Continuity of improper integral with a continuous integrand.

Question

I am a newbie in analysis and am trying to wrap my head around some continuity/compactness/finiteness concepts.

Let $f(x,y):\mathbb{R}^2\mapsto\mathbb{R}$ be a continuous function in both $x$ and $y$ and define $$ F(x) = \int_0^{\infty}f(x,y)dy. $$ Assume that $F(x)<\infty$ for all $x>0$. Can I show that $F(x)$ is continuous for $x>0$?

(The original question is different (see details below), but this is the most important part of the proof (thanks to the hint given by Brian))

Given a compact set $\mathcal{X}$ and suppose $0$ is not a member of $\mathcal{X}$. Can I show $\sup_{x\in\mathcal{X}} F(x) <\infty $?

Here are what I tried so far:

1. Since $\mathcal{X}$ is compact so $\sup_{x\in\mathcal{X}} F(x) = \max_{x\in\mathcal{X}} F(x)$. Moreover, since $F(x)<\infty$ for any $x>0$ and $0\notin \mathcal{X}$, then $\max_{x\in\mathcal{X}} F(x)<\infty$. (This proof seems okay to me. But the continuity of $f(x,y)$ is not used anywhere, which makes me a little puzzled).

2. Since $f(x,y)$ is continuous function and $F(x)<\infty$ for all $x>0$, then $F(x)$ is a continuous function for any $x>0$ (is this true?). Since $\mathcal{X}$ is compact so $\sup_{x\in\mathcal{X}} F(x) = \max_{x\in\mathcal{X}} F(x)$. The maximization is finite because it is the maximum of a continuous function in a compact set. (This proof does use all given conditions, but the first assessment is not clear to me. Any reference to existing theorem is appreciated.)
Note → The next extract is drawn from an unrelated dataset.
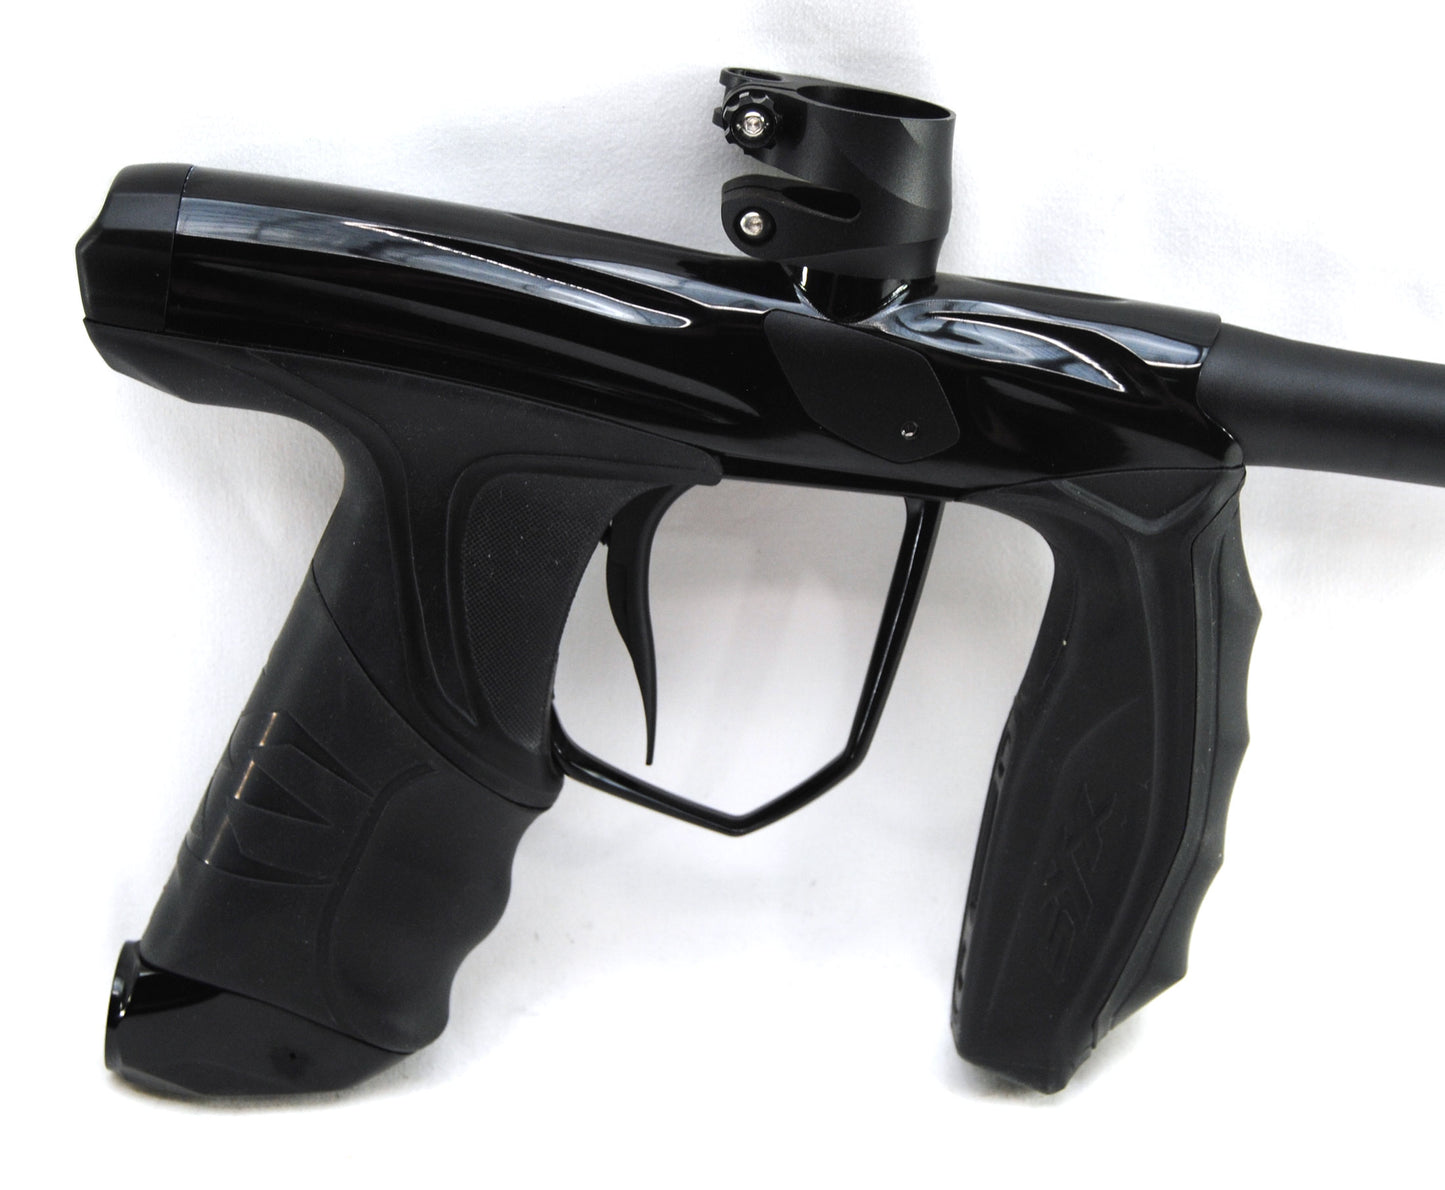 Used Empire SYX 1.5 Paintball Marker - Polished Black

Any help is highly appreciated!

Answer 1

For part 1, only continuous functions are guaranteed to attain their maximum on compact sets.

Answer 2

I think you need the extra assumption that the integral is uniformly convergent. Altough I do not have a counterexample, the following argument seems to show where this is needed:

For if we write $\vert F(x)-F(z)\vert \leq \vert \int_0^{M}(f(x,y)-f(z,y))dy\vert +\vert \int_M^{\infty }(f(x,y)-f(z,y))dy\vert$ and let $\epsilon >0$ and then choose $\delta_1 >0$ so that $\vert f(x,y)-f(z,y)\vert <\epsilon $ whenever $d((x,y),(z,y))<\delta_1 .\ $

Then in this case,

$\tag 1\vert \int_0^{M}(f(x,y)-f(z,y))dy\vert\leq M\epsilon$.

Now, $\vert \int_M^{\infty }(f(x,y)-f(z,y))dy\vert \leq \vert \int_M^{\infty }f(x,y)\vert +\vert \int _M^{\infty }f(z,y)dy\vert$.

If the convergence of the integral is uniform we may choose

choose $M$ such that $\tag2\vert \int_M^{\infty }f(x,y)dy\vert<\epsilon $ and $\tag3\vert \int _M^{\infty }f(z,y)dy\vert<\epsilon$.

Take $\delta =\delta_1/2$ and combine $1)$, $2)$, and $3)$ to finish the proof.

If the convergence is not uniform then I do not see how to get $\vert \int_M^{\infty }(f(x,y)-f(z,y))dy\vert< \epsilon $

Answer 3

This fails in general. For example, define

$$f(x,y) =\begin{cases} 0, & x\le 1\\ = \frac{1}{1+(y-1/(x-1))^2}, & x>1 \end{cases}$$

Then $f$ is continuous on $\mathbb R^2,$ but $\lim_{x\to 1^+}F(x) = \pi,$ while $F(1) = 0.$